In early February, the Appletons sought legal representation. On February 12, 2002, Mike Grenon, a special fire investigator for Westfield, met the Appletons at their attorney’s office and took recorded statements regarding the fire. The statements, however, were not “under oath.” At that meeting, Grenon told the Apple-tons that they also needed to submit personal property inventories. Upon learning that the Appletons were represented, on February 13, 2002, Whaley informed the Appletons’ attorney by letter that he would no longer contact the Appletons directly. In his letter, Whaley specifically referenced his January 11, 2002 letter and reiterated the Appletons’ obligation to submit a sworn proof of loss statement.

On March 6, 2002, the Appletons submitted the personal property inventories that Grenon had requested at the February 12, 2002 meeting, and asked when Westfield would make its final decision on their claim. At that time, however, they did not provide the required proof of loss statement. By letter dated March 7, 2002, Grenon followed up with the Appletons regarding their property inventories and requested that they submit additional information including: 1) tax returns and financial statements; 2) cell phone records; 3) airline ticket records; 4) their parents’ contact information; and 5) “mortgage loan” information. On April 3, 2002, the Appletons submitted the additional items that Grenon requested, and, through their attorney, again inquired as to when West-field would make its decision on their claim.

In an April 24, 2002 letter, Grenon acknowledged that he had received the Appletons’ supplemental documentation relative to their property inventories, but never acknowledged their inquiry regarding Westfield’s consideration of their claim. The Appletons never provided Westfield with an executed sworn proof of loss statement prior to the March 12, 2002 deadline as 1) required by their policy, and 2) requested in Whaley’s January 11 and 13, 2002 letters to the Appletons and their attorney. Accordingly, West-field denied the Appletons’ claim.
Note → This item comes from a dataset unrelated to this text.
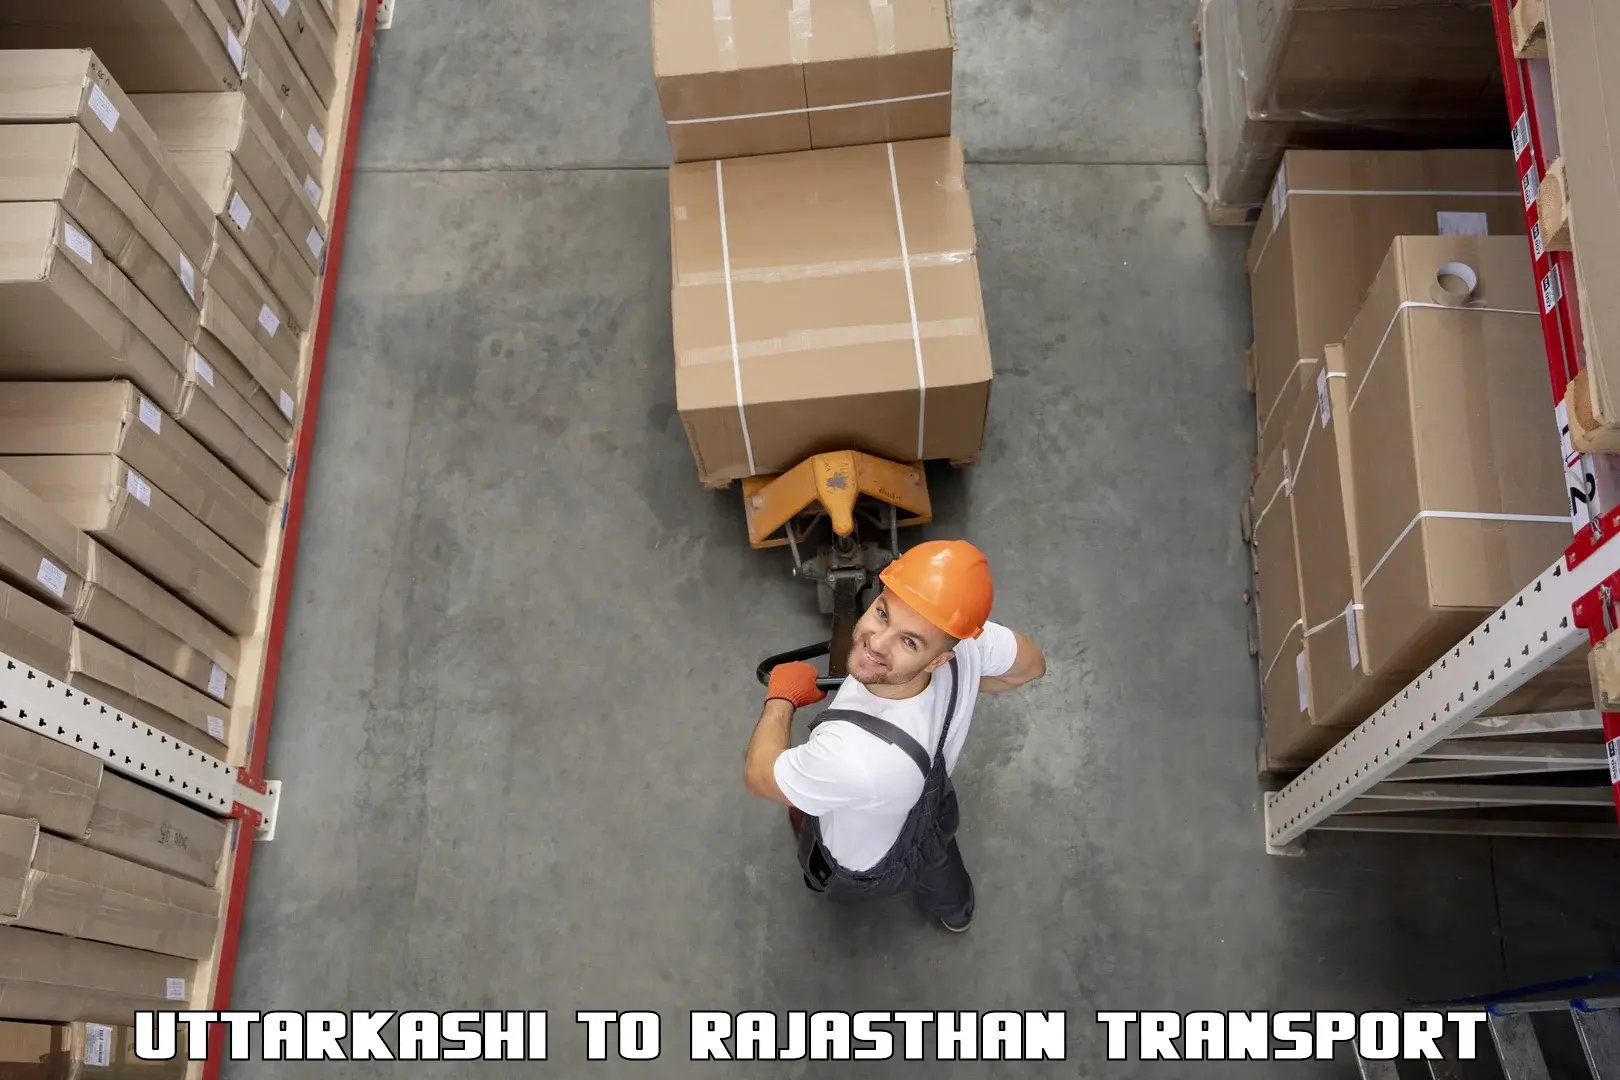 Parcel transport services Uttarkashi to NIT Jaipur

Rather than simply telling the Appletons of its intent to deny their claim, on April 30, 2002, Westfield filed this action. In its complaint, Westfield sought a declaratory judgment that it had no coverage obligation to the Appletons because they had failed to timely file a proof of loss statement, as required by their insurance policy and the notices provided to them by West-field.
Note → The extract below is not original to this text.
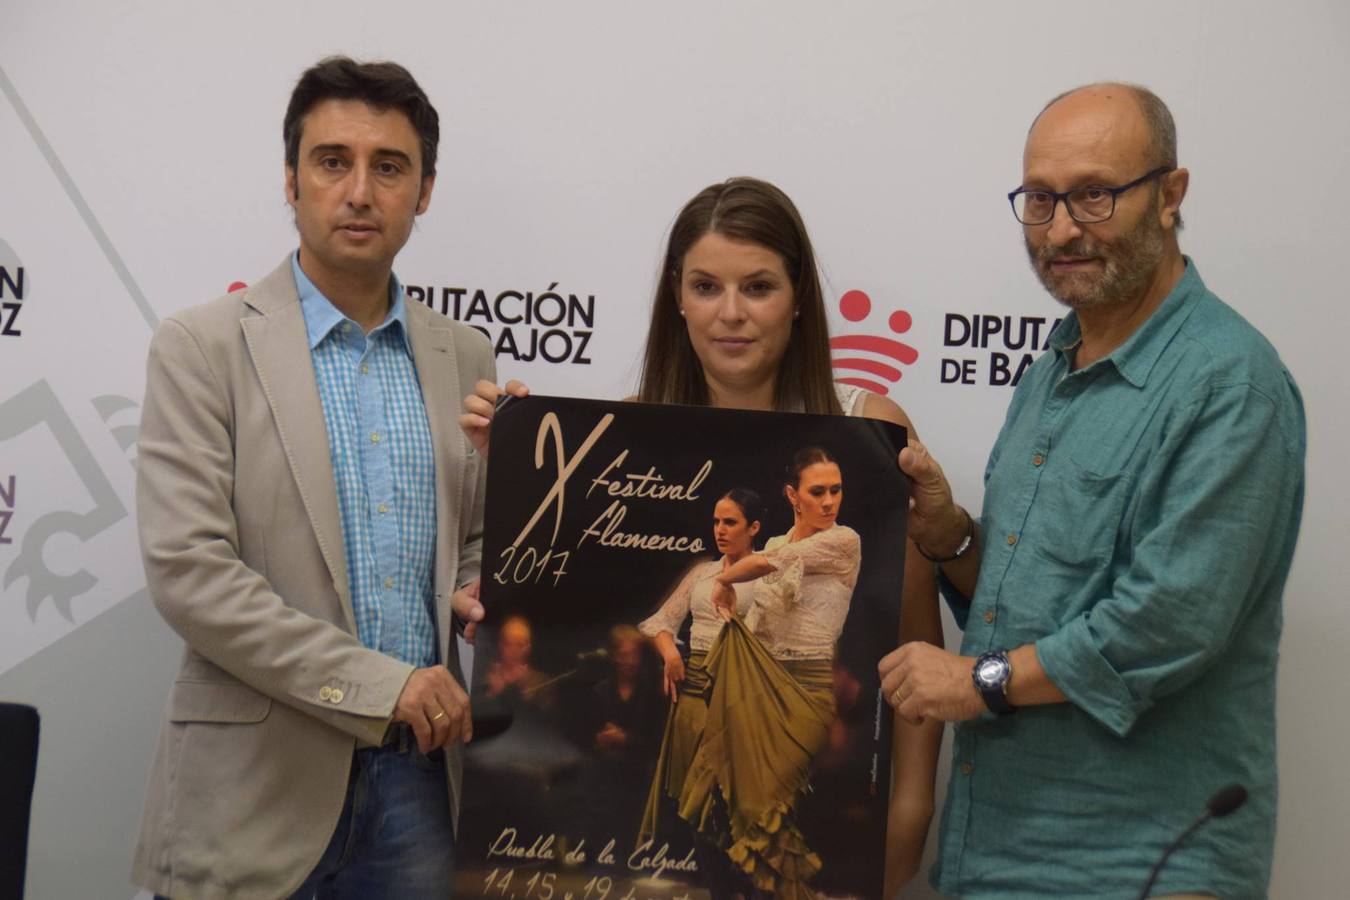 Manuel Pajares, Manuela Sánchez y Aurelio Gallardo conforman el 'X Festival Flamenco'

The Appletons responded in two ways. First, they submitted a sworn proof of loss statement to Westfield on May 15, 2002. By letter dated June 14, 2002, however, Westfield rejected the Appletons’ proof of loss statement because it: 1) was untimely; 2) was not signed by Tammy Appleton; and 3) “merely estimate[d] the cash value, whole loss and damage and amount claimed, [without support] by adequate documentation or information.” Second, the Appletons answered Westfield’s complaint, and asserted that Westfield had *570 waived, or was otherwise estopped from enforcing, strict compliance of the policy’s sixty-day “proof of loss” requirement. The Appletons also filed counterclaims against Westfield for breach of contract and unfair trade practices in violation of Michigan law.
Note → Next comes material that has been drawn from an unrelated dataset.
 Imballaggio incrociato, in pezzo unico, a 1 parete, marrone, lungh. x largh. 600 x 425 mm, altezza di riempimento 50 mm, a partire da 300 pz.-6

Westfield ultimately moved for summary judgment on all of its claims. Finding no genuine issues of material fact, the district court granted Westfield’s motion and, thereafter, dismissed the Appletons’ counterclaims with prejudice as having no legal basis in light of the court’s grant of summary judgment to Westfield. The Apple-tons filed a motion for reconsideration, which the district court considered and denied. 2 The Appletons timely filed this appeal.

II. DISCUSSION

Michigan law, which the parties agree applies in this case, strongly favors insurance companies in connection with insurance policies that contain the somewhat standard “proof of loss” requirement— usually sixty days after a claimed loss. See Dellar v. Frankenmuth Mut. Ins. Co., 173 Mich.App. 138, 433 N.W.2d 380, 383 (1988) (“Clearly, the failure to file a signed and sworn proof of loss within sixty days of the loss bars recovery on a claim without regard to whether the insurer is prejudiced by such failure.”).